--- Task directions ---
Please restate each line of the data below exactly. Omit all images.

--- Supplied material ---
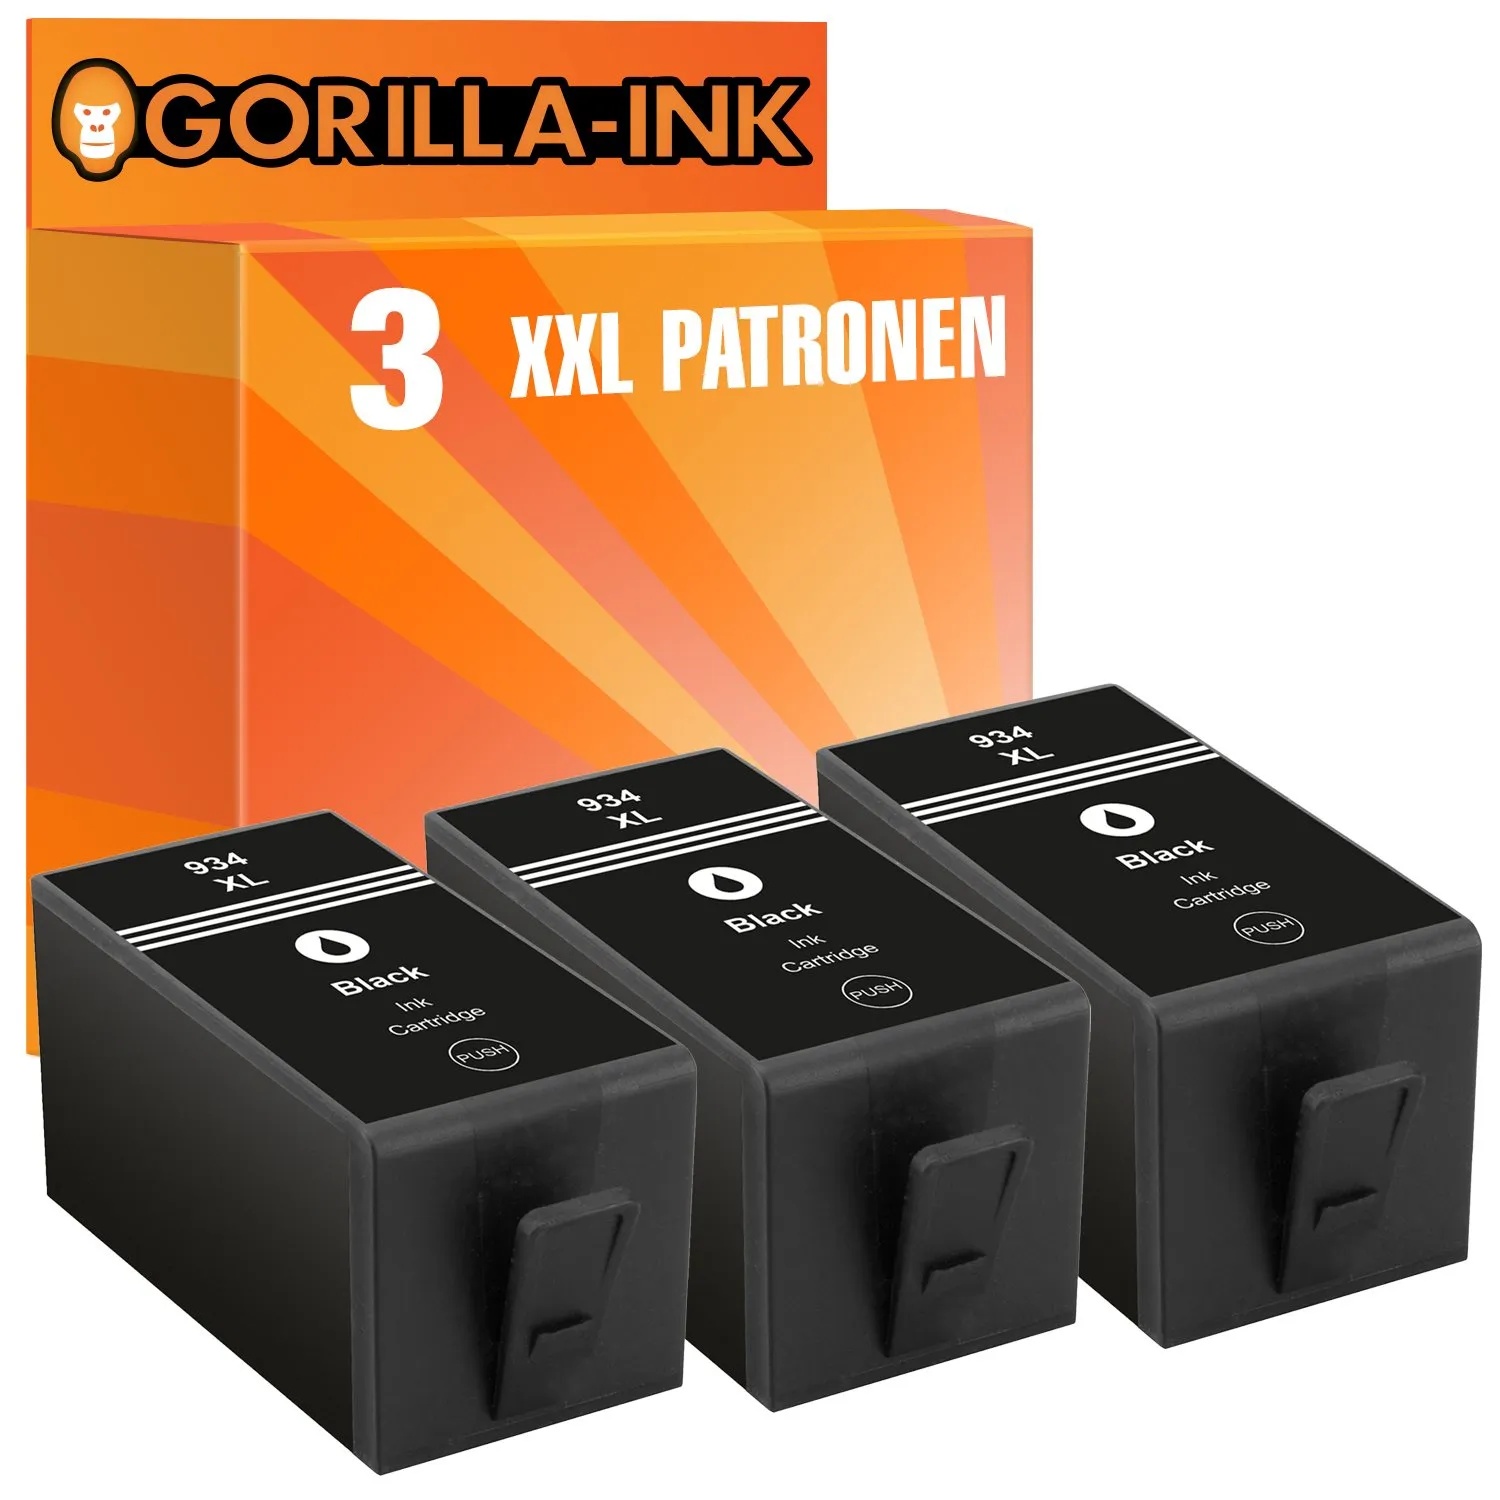 Gorilla-Ink 3X Patrone XXL kompatibel mit HP 934 XL Black | Geeignet für HP OfficeJet 6230 6235 6239 6812 6815 6820 6822 6825 6830 6835
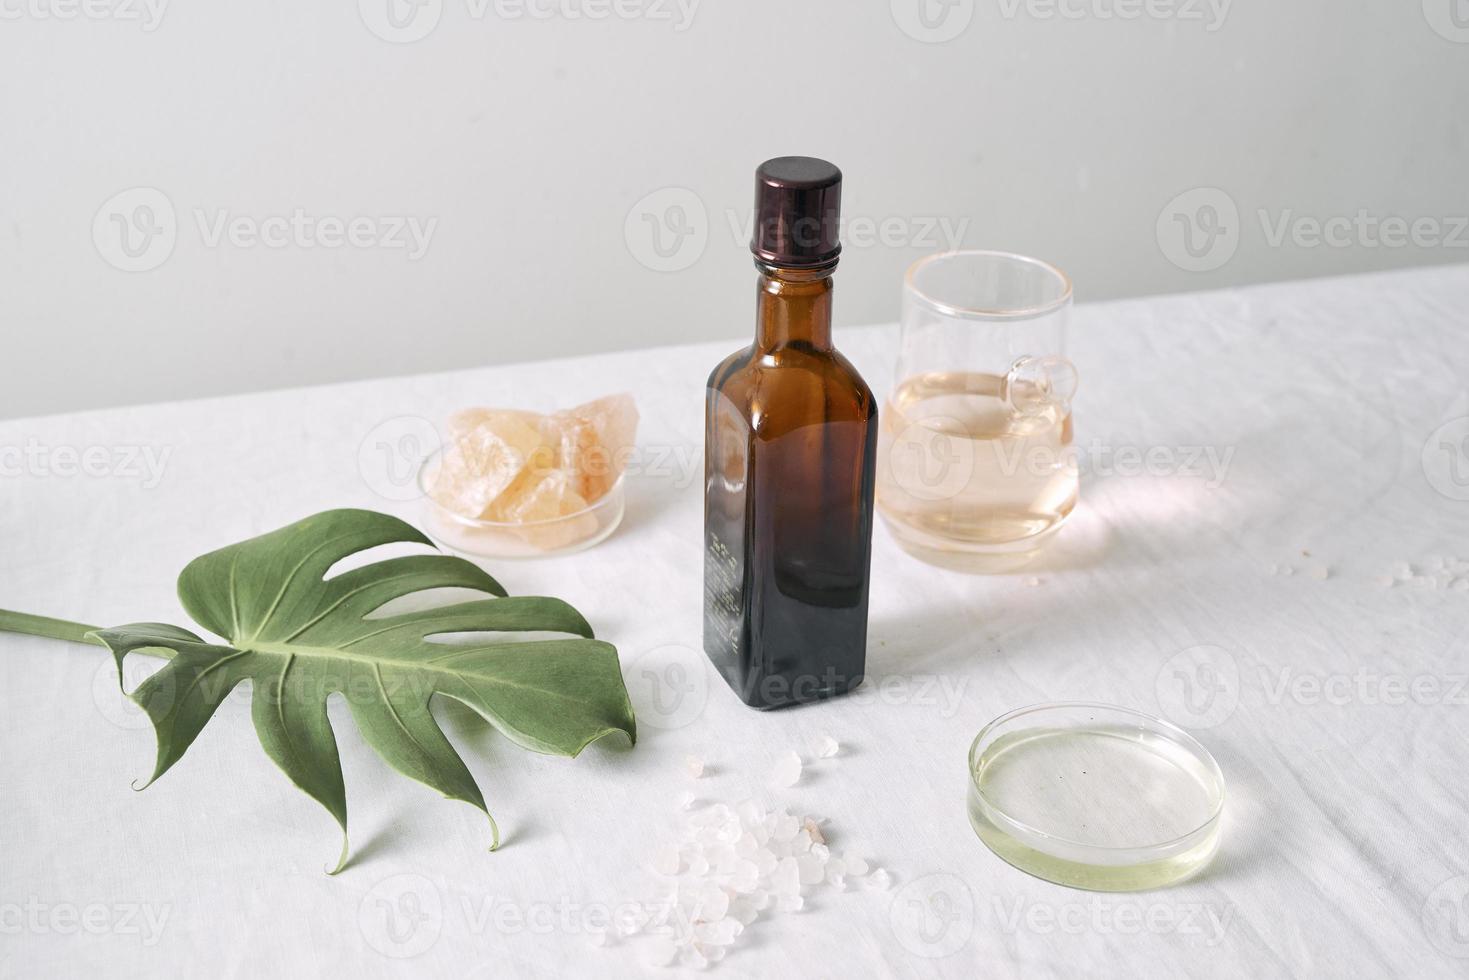 kunstmatig natuur huidsverzorging en essentieel olie aromatherapie .biologisch natuurlijk wetenschap schoonheid Product .kruiden alternatief geneeskunde . bespotten omhoog. foto
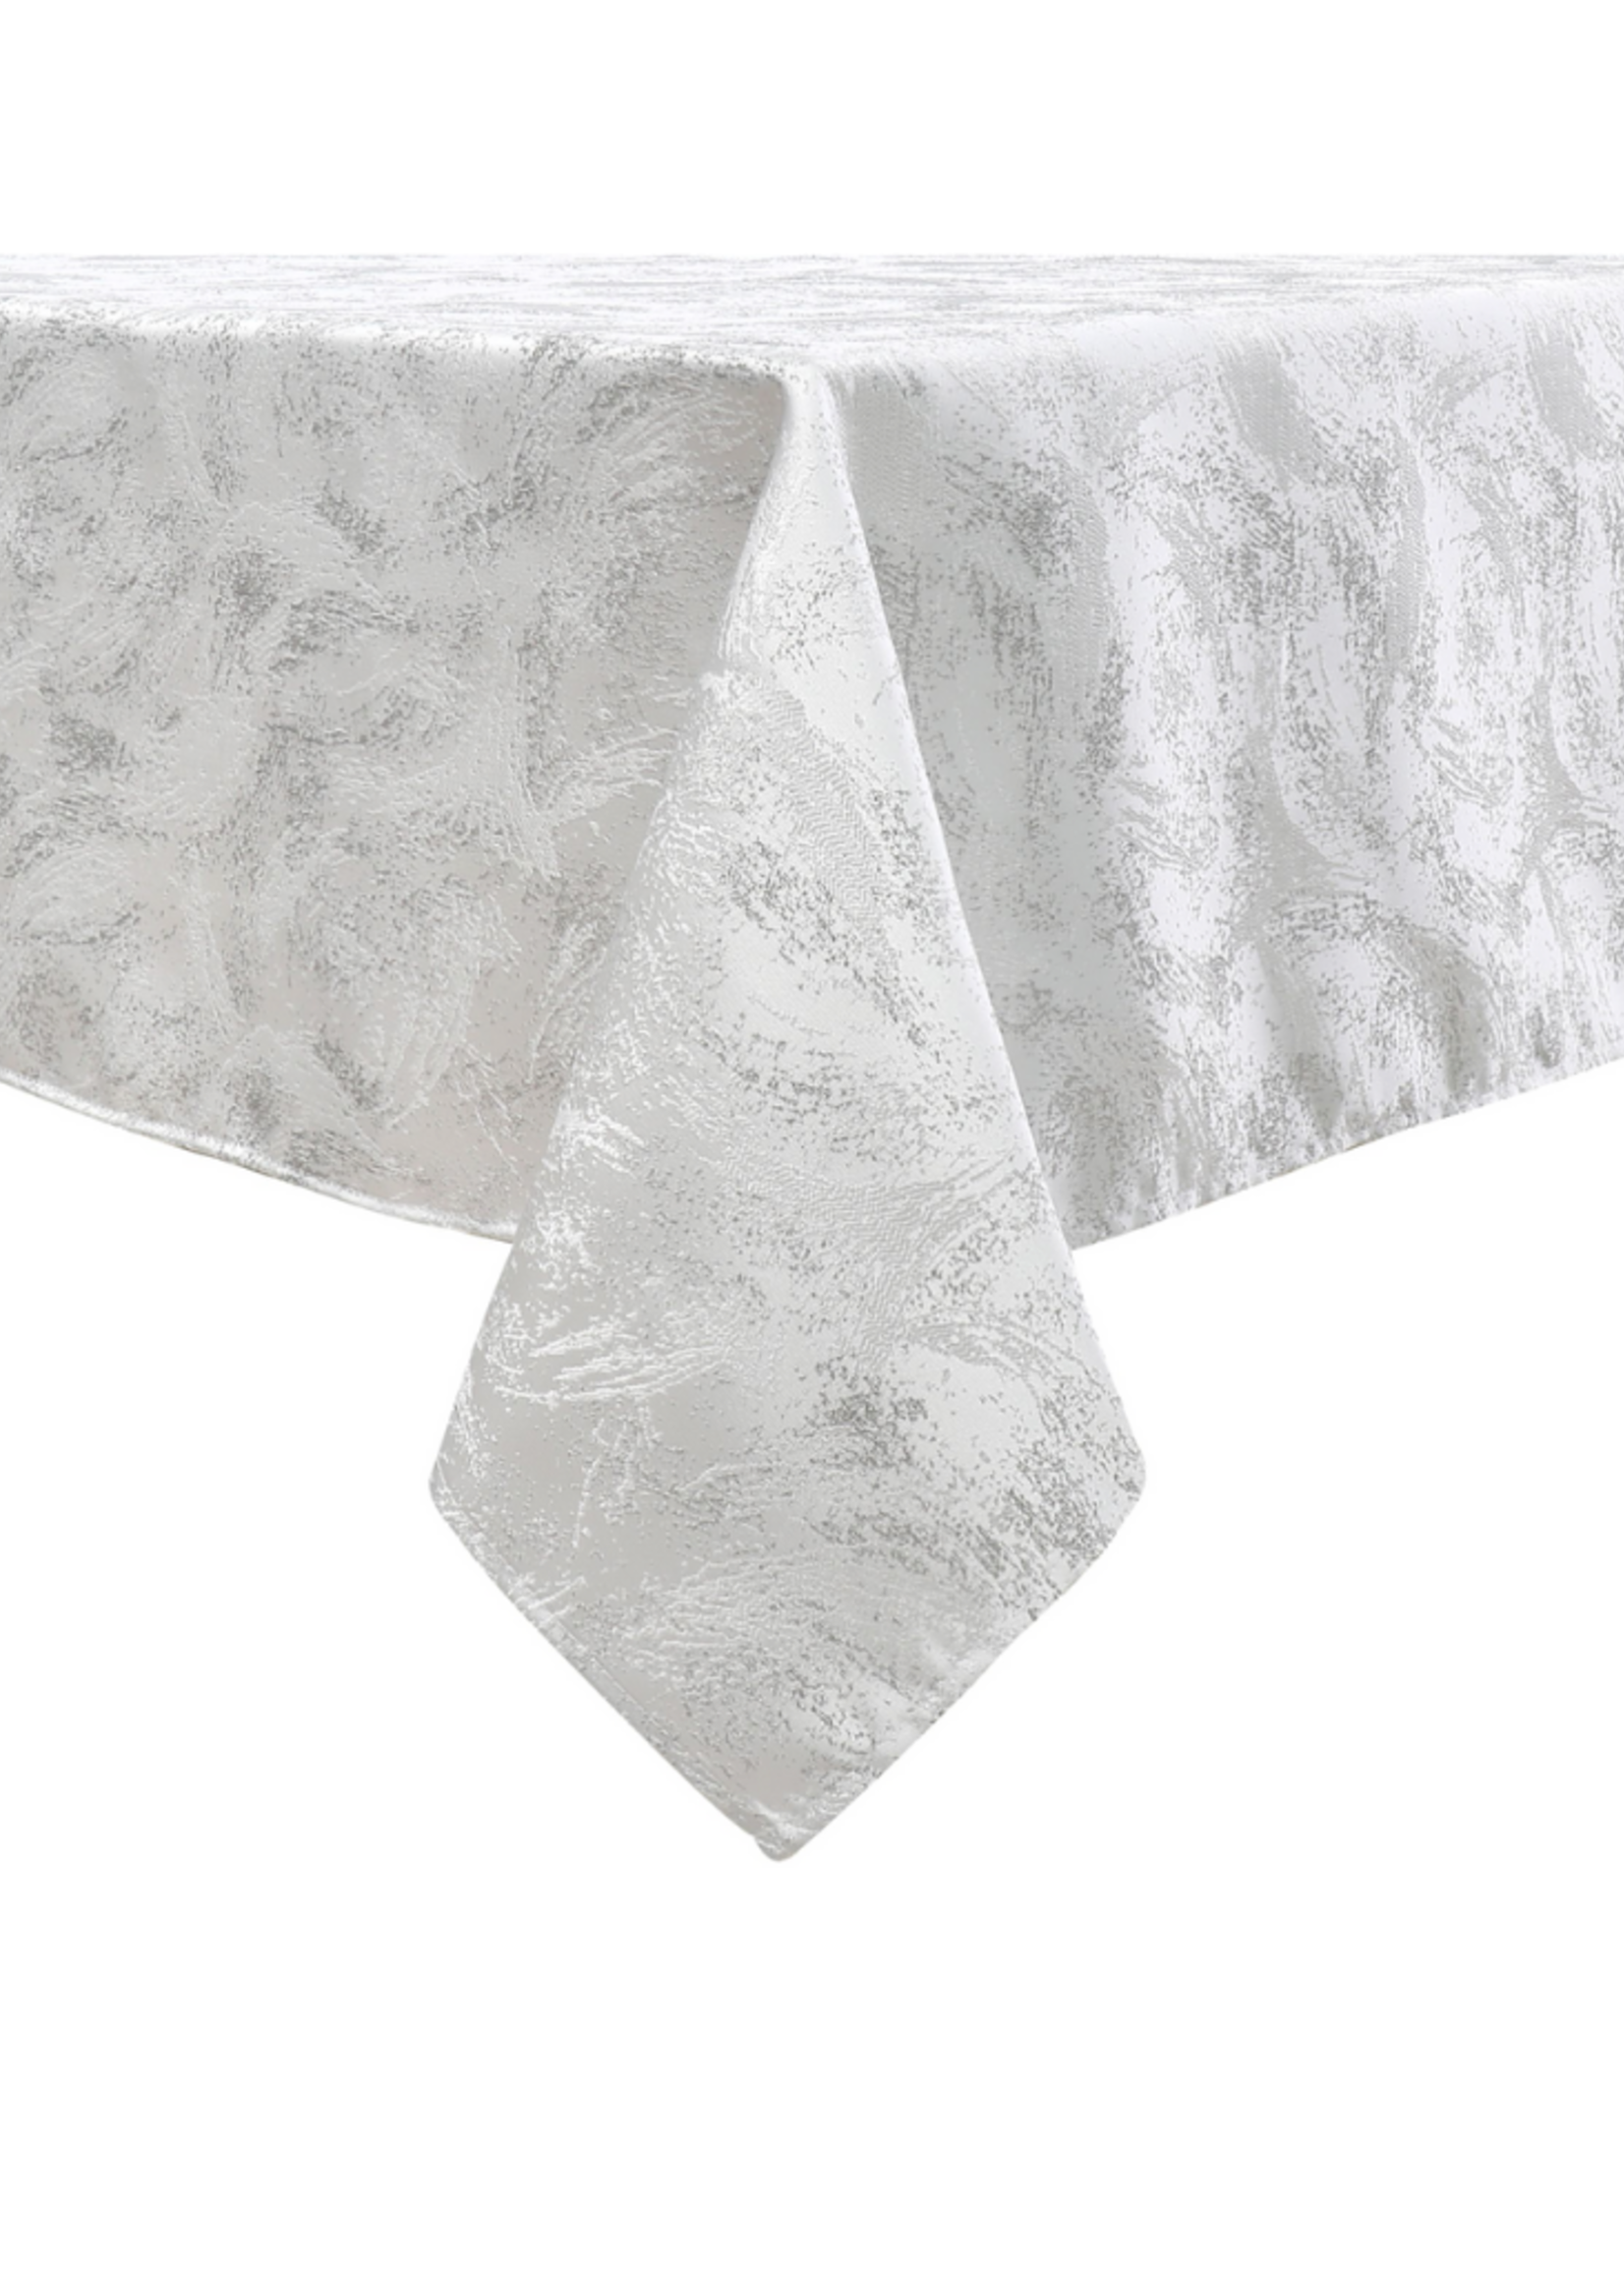 Jacquard Tablecloth // White #1330-70108

--- Written solution ---
 Gorilla-Ink 3X Patrone XXL kompatibel mit HP 934 XL Black | Geeignet für HP OfficeJet 6230 6235 6239 6812 6815 6820 6822 6825 6830 6835
 kunstmatig natuur huidsverzorging en essentieel olie aromatherapie .biologisch natuurlijk wetenschap schoonheid Product .kruiden alternatief geneeskunde . bespotten omhoog. foto
 Jacquard Tablecloth // White #1330-70108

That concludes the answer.